Re: defining 'distribution' (Re: A few more LPPL concerns)
Jeff Licquia wrote
> On Sun, 2002-07-21 at 23:10, Boris Veytsman wrote:
>> > From: Jeff Licquia <firstname.lastname@example.org>
>> > Date: 21 Jul 2002 22:59:26 -0500
>> > It's crucial to your point, therefore, that there not be a
>> > distinction between running the program from /usr/local/bin or
>> > /afs/whatever/bin. I think we've shown that this isn't the case,
>> > since a sysadmin does not need to give source to every person with a
>> > login on his box, but does if he exports the program via AFS.
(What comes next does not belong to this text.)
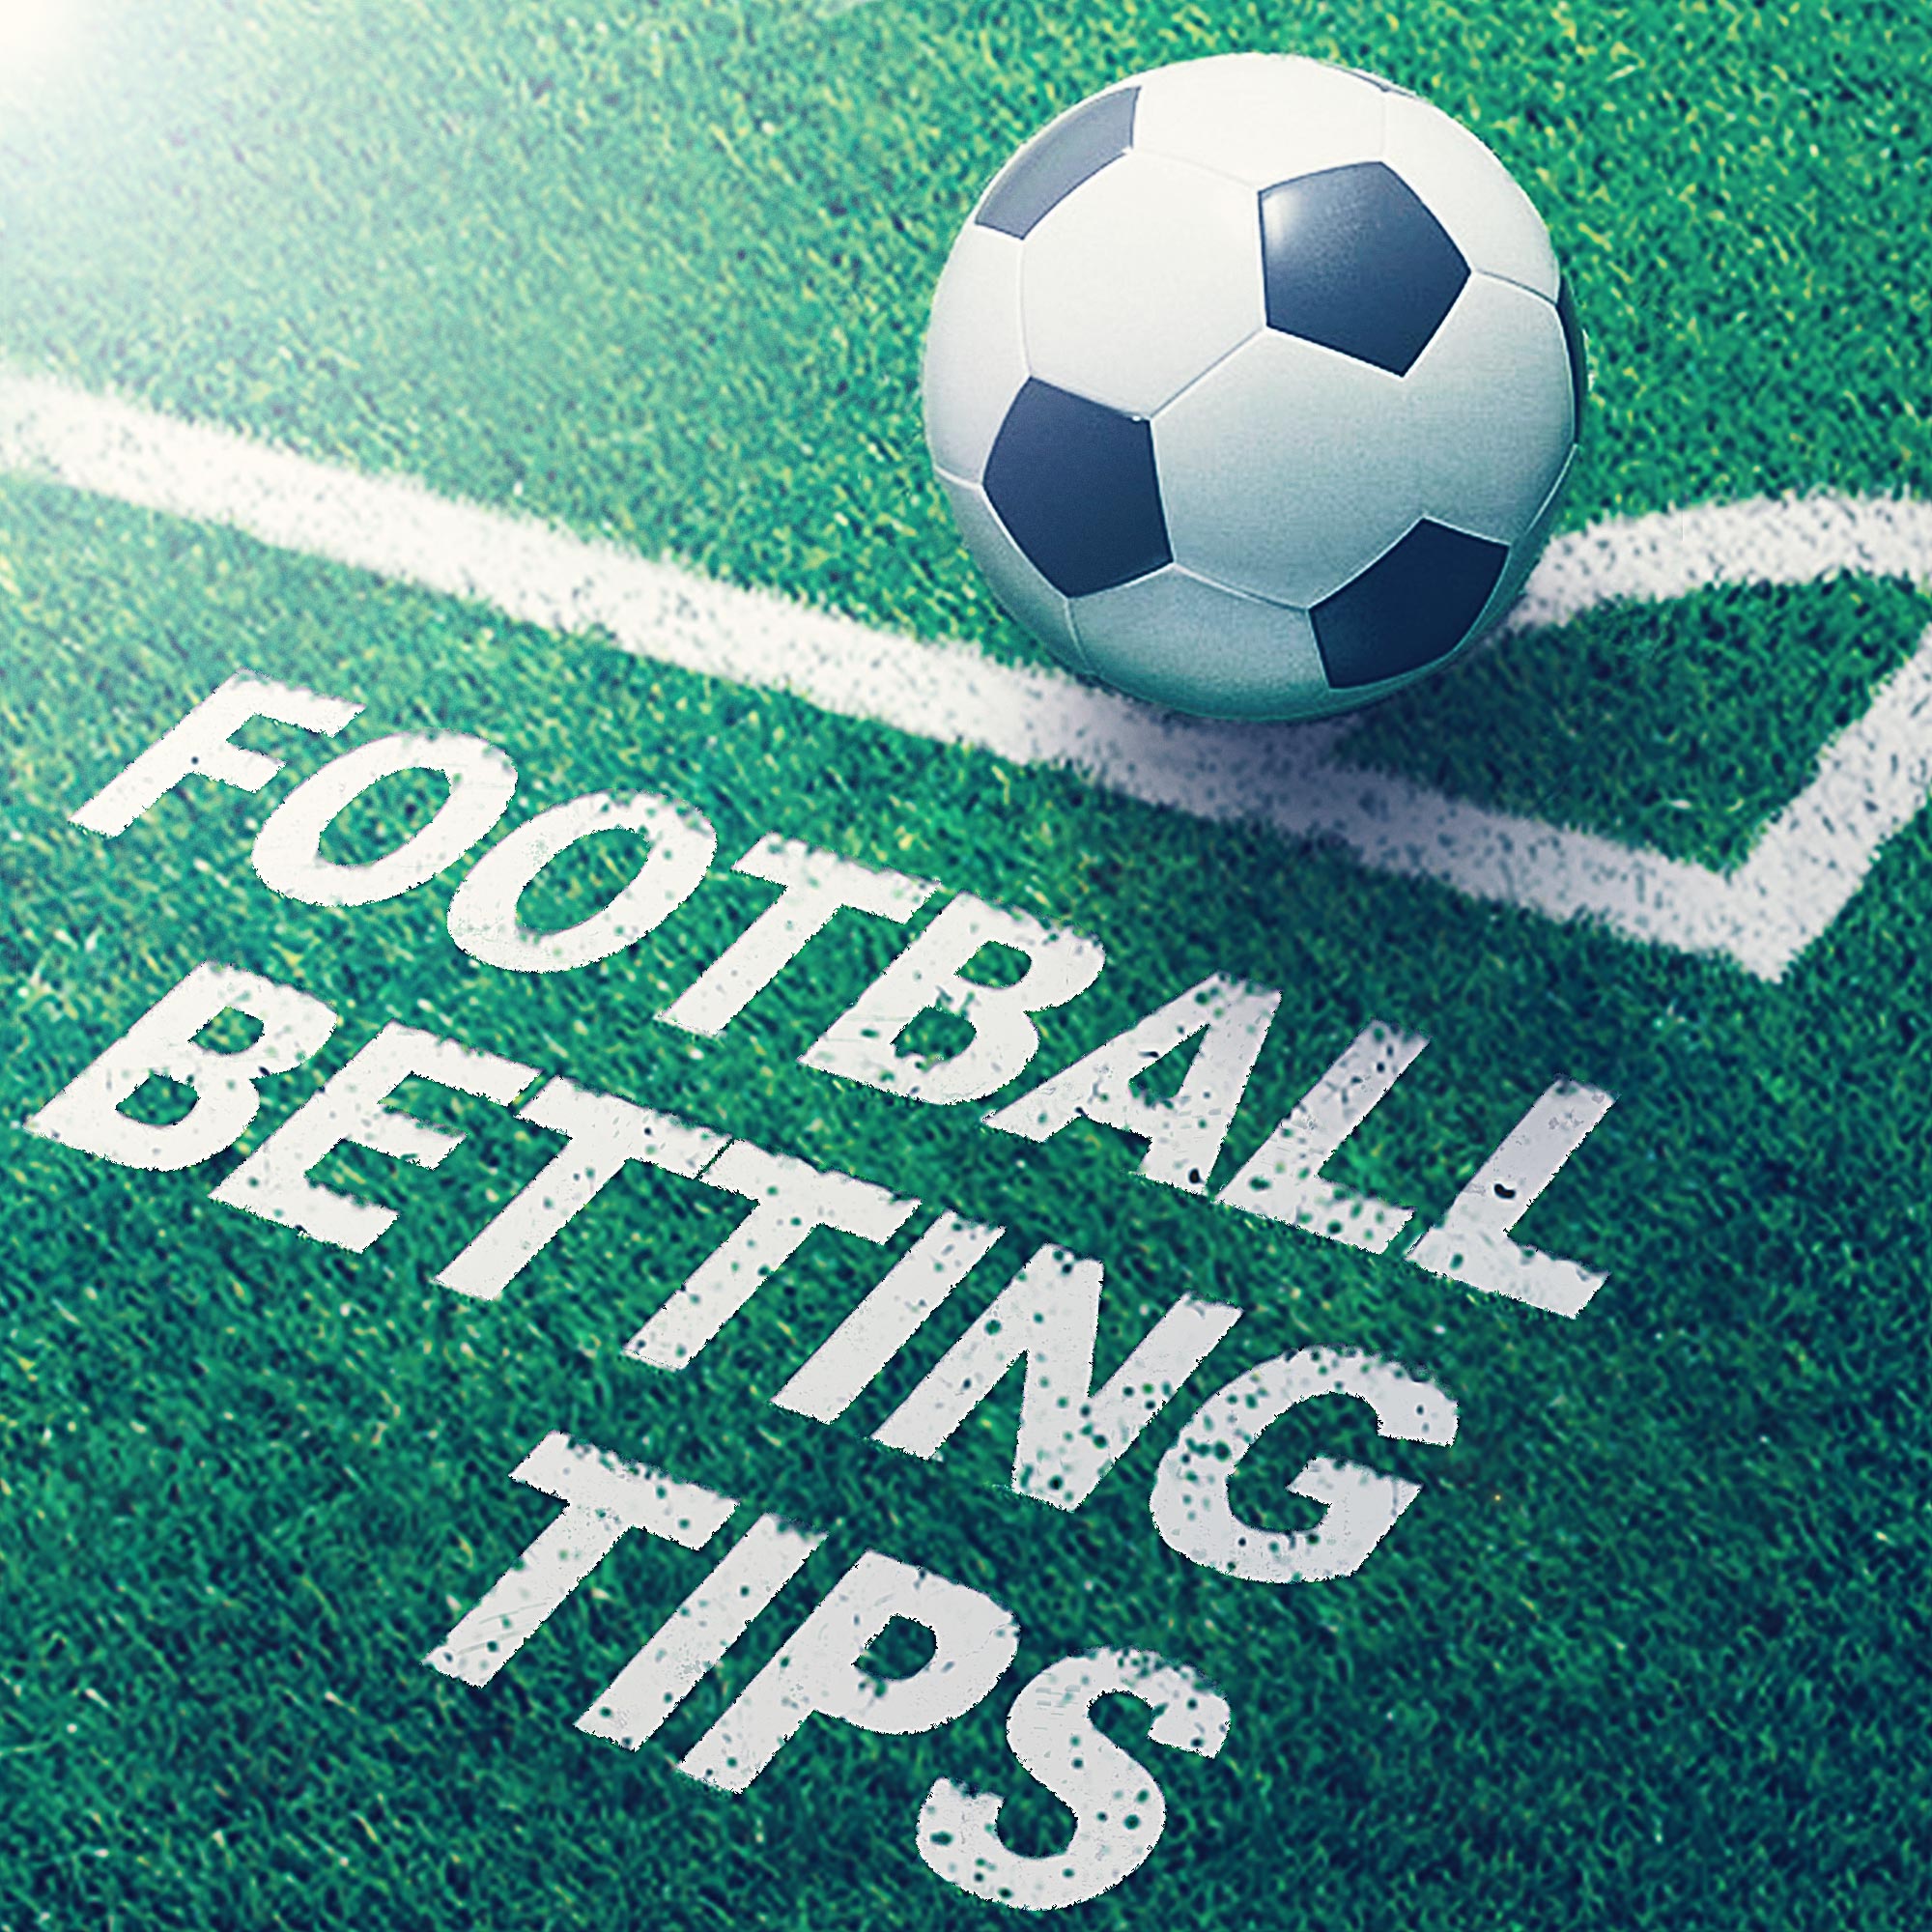 how to online sports betting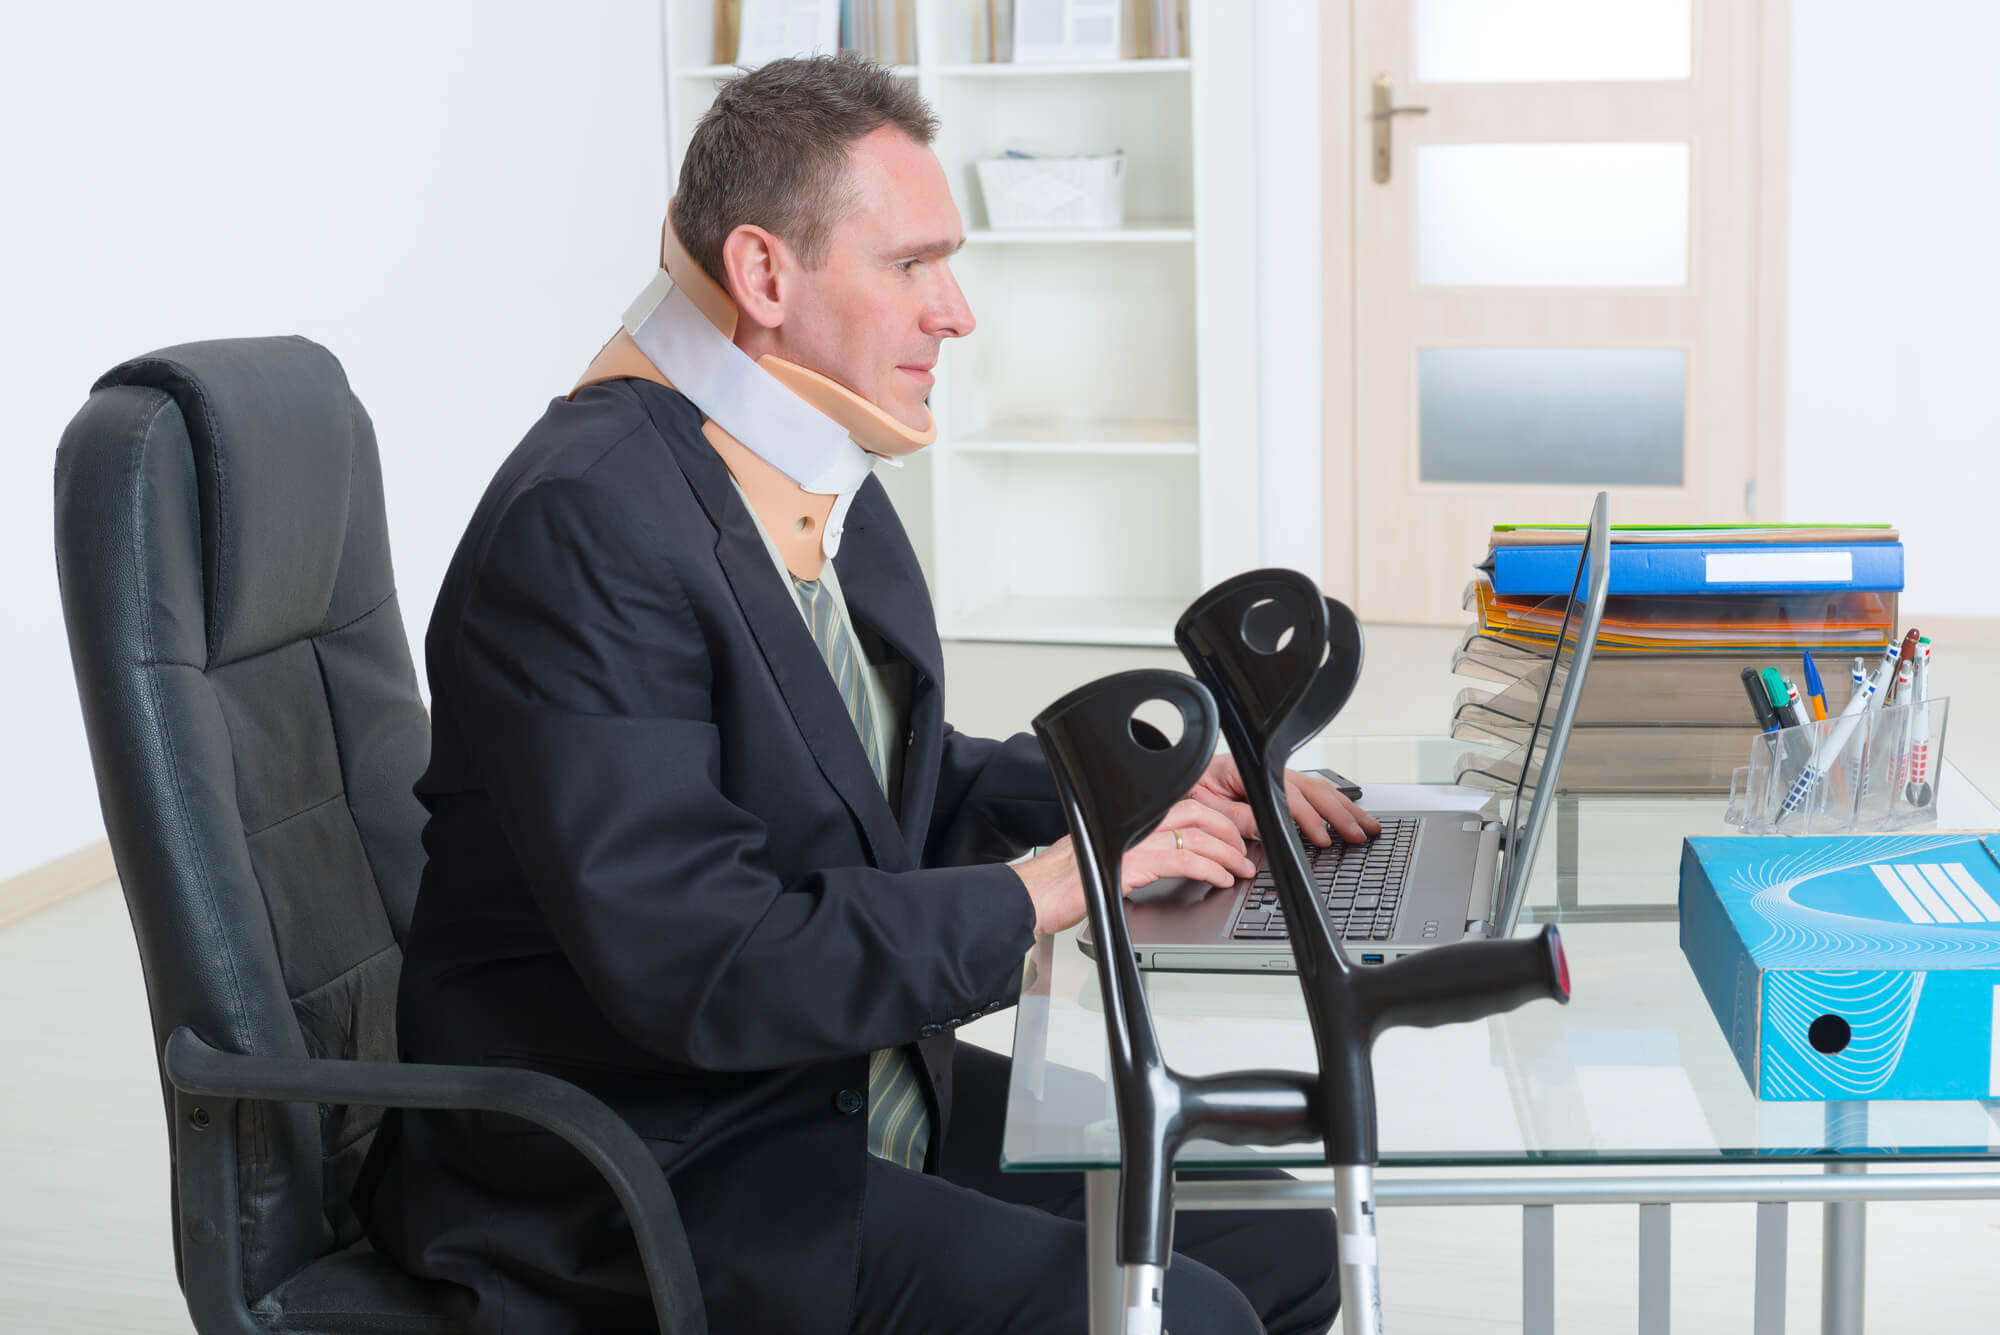 An individual wearing a neck brace and a dark suit is sitting at a desk working on a laptop, with a pair of crutches leaning against the desk nearby.

>> Exactly. I really do not see the difference between running a program
>> from /usr/local/bin or /afs/whatever/bin/. What is the difference
>> between AFS and NFS besides the technical one?
> There is none. In case you aren't aware, I feel NFS exporting
> constitutes distribution as well.
>> My /usr/local/bin can
>> be NFS-exported to hundreds of computers. Even my box can have
>> hundreds logins there.
> Yes, but in the former case, you are distributing the program to
> hundreds of computers. In the latter, hundreds of users are running
> the program.
What about a clustered environment, such as Mosix? One virtual machine (the
cluster) consisting of many individual nodes. /usr/local/bin/latex can be
running on any of the nodes.
Is that distribution?
If I'm the only user on the cluster?
If there are 1000 students logging into the cluster?
If the data is not shared over a network, is it distribution? For example,
a SAN-attached shared disk array that provides the same physical partition
to several systems? How is that different than AFS, NFS, or rsync?